Exercise prompt
The required output is the stretch from the line containing "All white hydrangea" through the line containing "SELBY, UK - NOVEMBER" in the records below, unaltered and with no pictures.

Task material

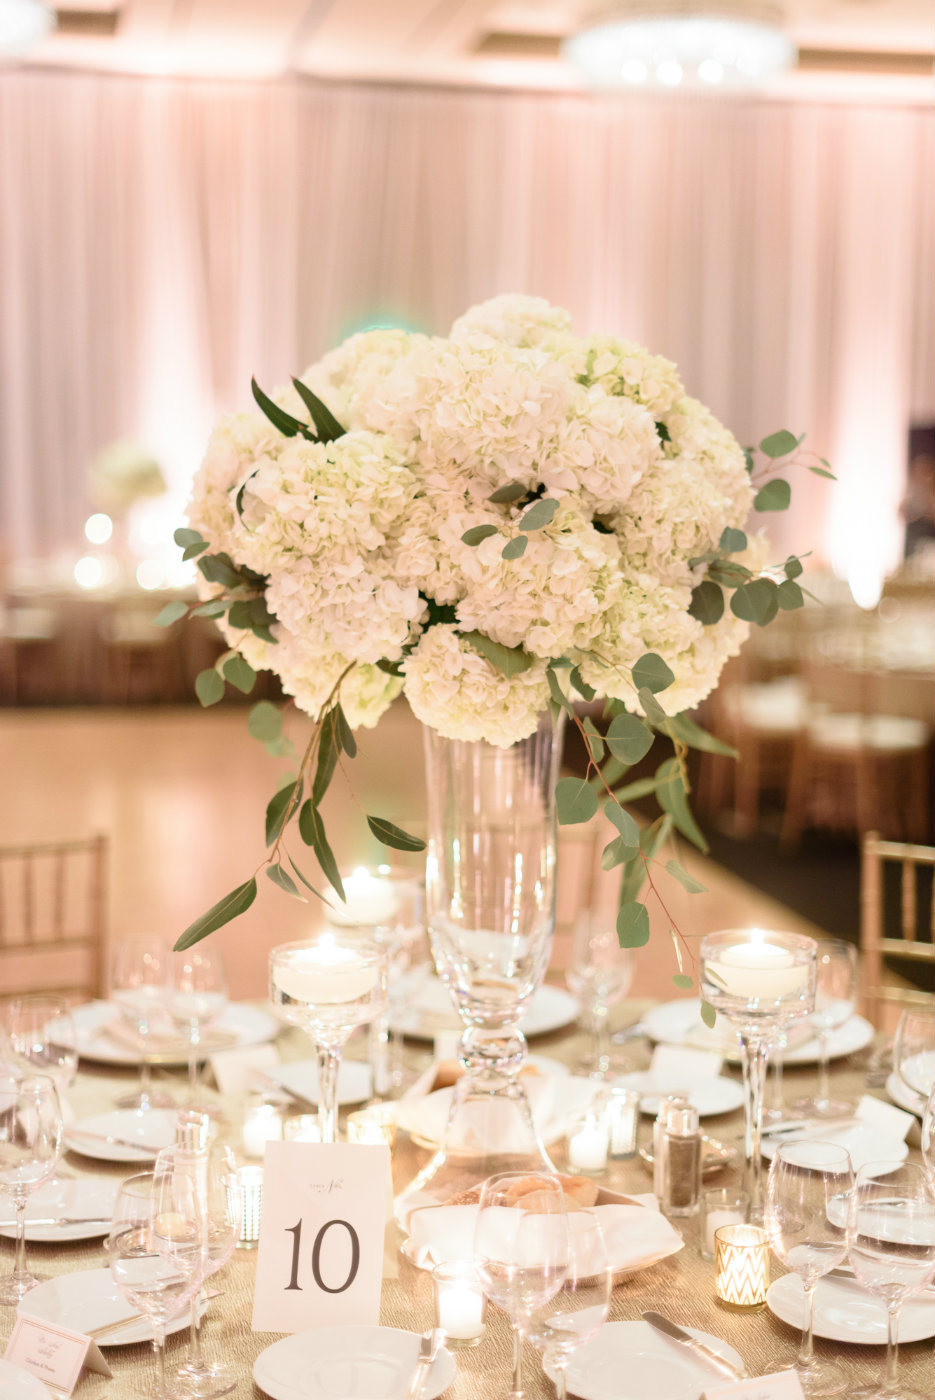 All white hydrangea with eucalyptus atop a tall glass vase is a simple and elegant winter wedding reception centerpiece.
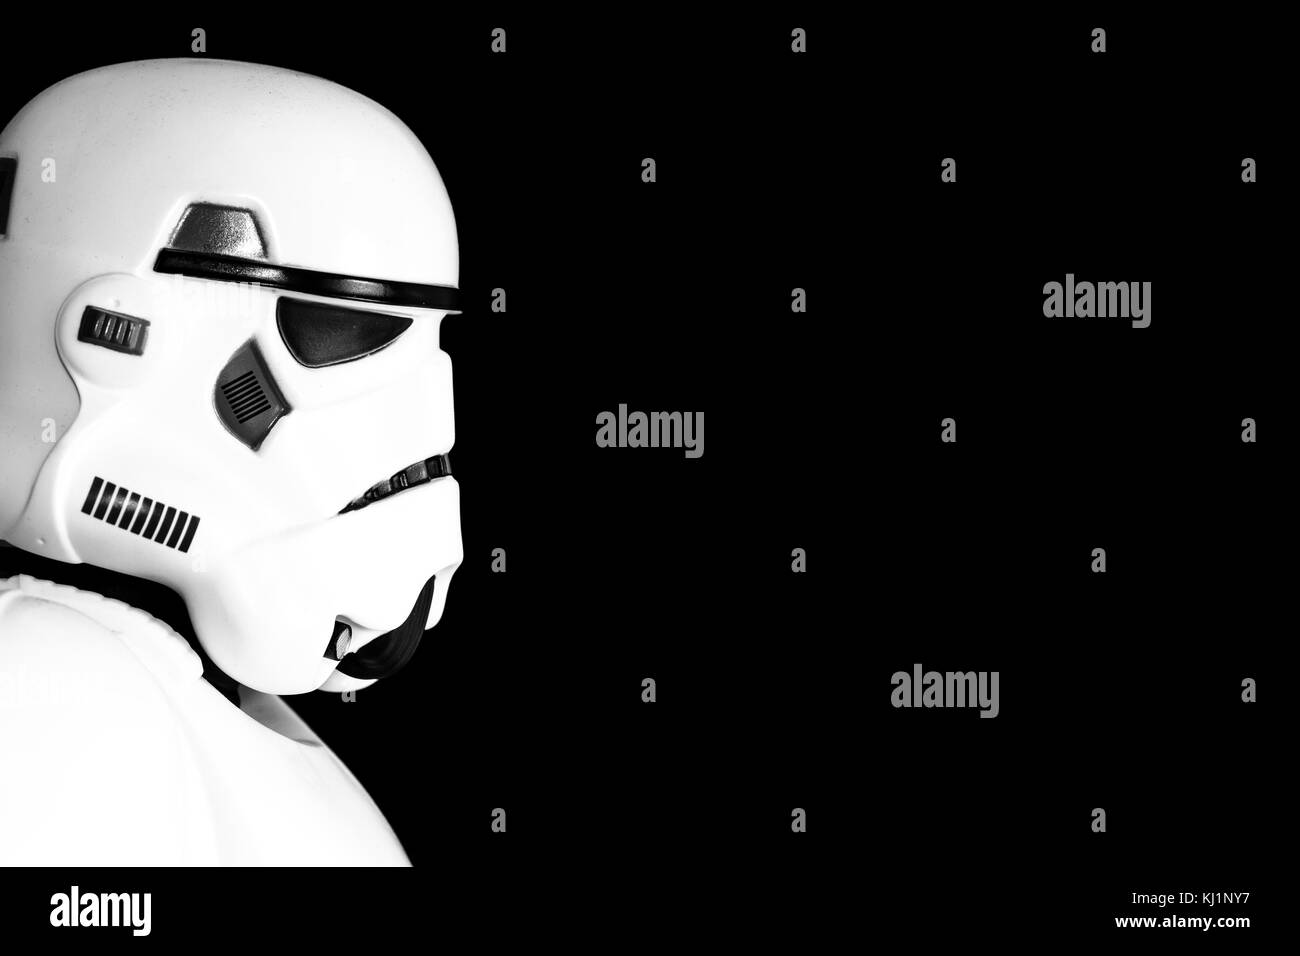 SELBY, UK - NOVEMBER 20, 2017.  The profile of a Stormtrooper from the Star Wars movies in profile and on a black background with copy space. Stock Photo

...

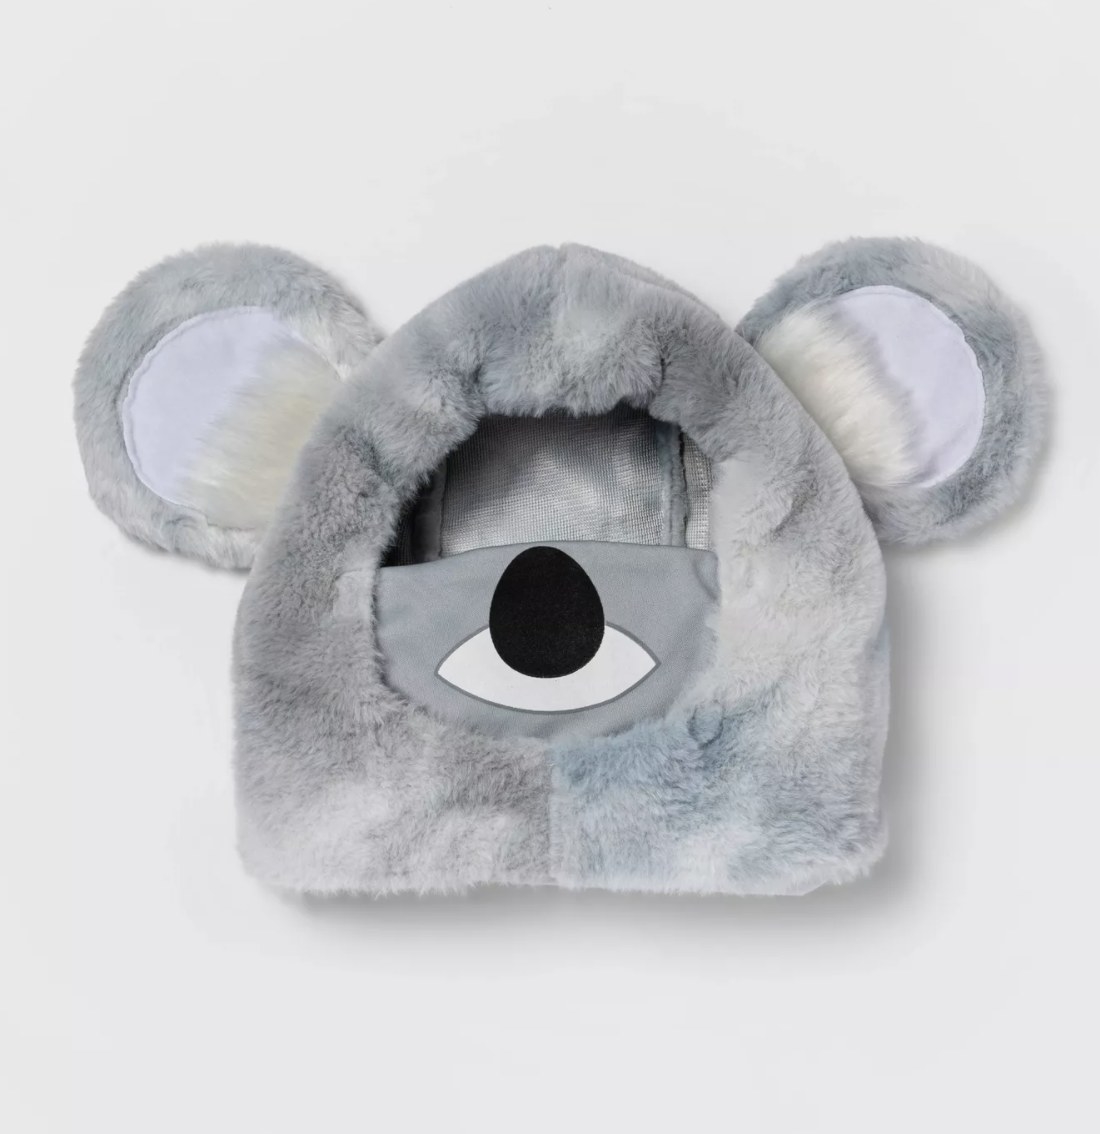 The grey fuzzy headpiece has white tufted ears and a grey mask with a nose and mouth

Output for this exercise
 All white hydrangea with eucalyptus atop a tall glass vase is a simple and elegant winter wedding reception centerpiece.
 SELBY, UK - NOVEMBER 20, 2017.  The profile of a Stormtrooper from the Star Wars movies in profile and on a black background with copy space. Stock Photo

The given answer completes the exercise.